Colorectal cancer (CRC) is the third most common malignancies in adults. Similar to other solid tumors, CRC cells show increased proliferation and suppressed apoptosis during the development and progression of the disease. Previous studies have shown that a novel tumor oncogene, spermatogenic basic helix-loop-helix transcription factor zip 1 (SPZ1), can promote proliferation. However, it is unclear whether SPZ1 plays a role in suppressing apoptosis, and the molecular mechanism behind SPZ1’s suppression of apoptosis in CRC remains unclear.
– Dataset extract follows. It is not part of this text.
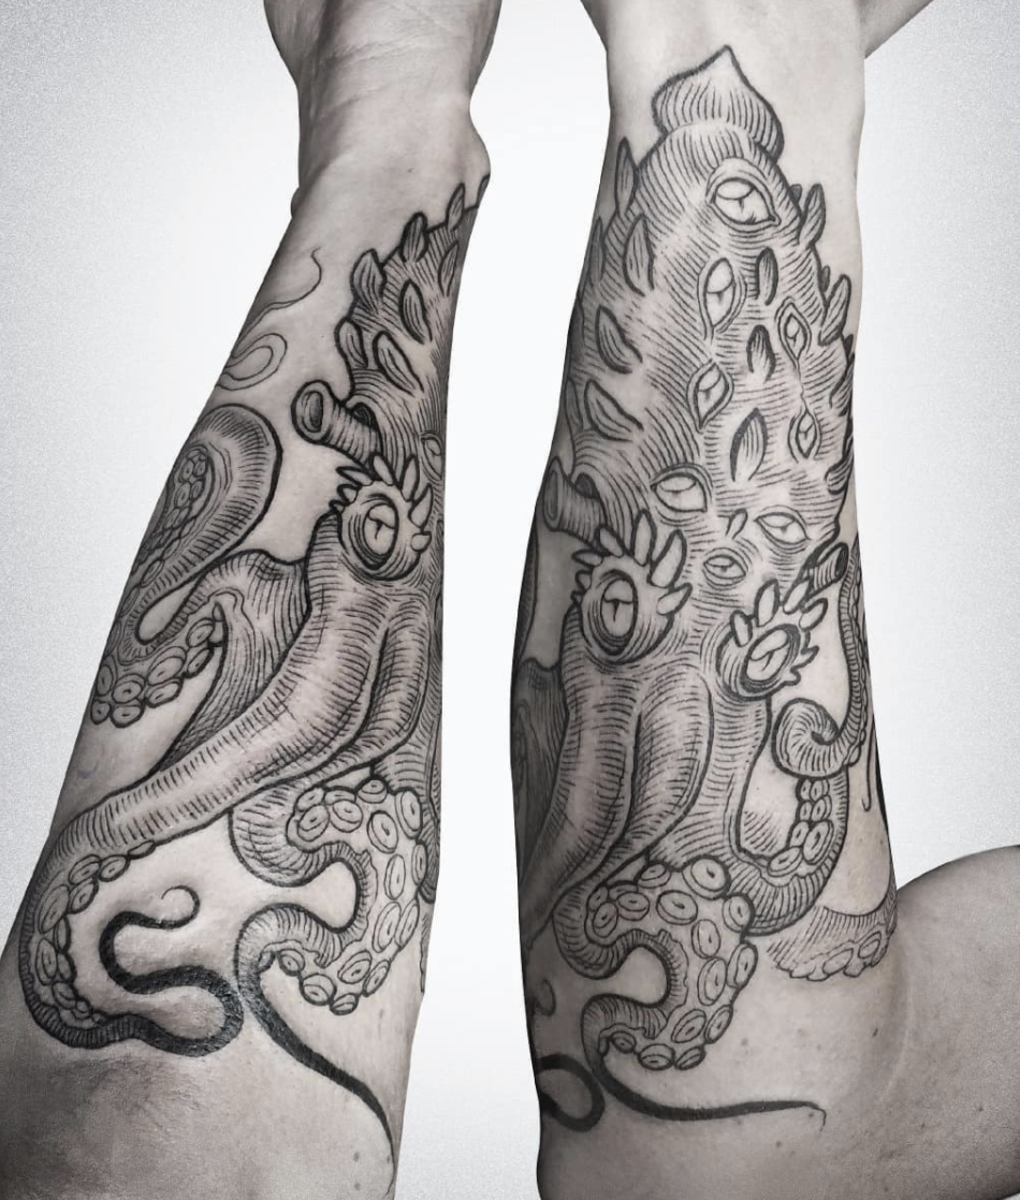 Octopus tattoo by @yustecore_tattoo at @alexoruetaestudio

Here, we found that silencing endogenous SPZ1 inhibits cell growth and induces apoptosis, and overexpression of SPZ1 promotes cell growth. These findings were corroborated by in vitro and in vivo studies. Interestingly, SPZ1 overexpressing cells were resistant to 5-fluorouracil, a drug commonly used to treat cancer. Moreover, knocking down SPZ1 led to the activation of caspase through the deregulation of Bim by ERK1/2, we found that CRC tissues had significantly higher SPZ1 and lower Bim expression, and SPZ1HBimL were associated with advanced clinical stage of CRC. Collectively, our findings demonstrate that SPZ1 contributes to tumor progression by limiting apoptosis. SPZ1 reduces apoptosis by altering the stability of Bim, suggesting SPZ1 may serve as a biomarker and therapeutic target for CRC.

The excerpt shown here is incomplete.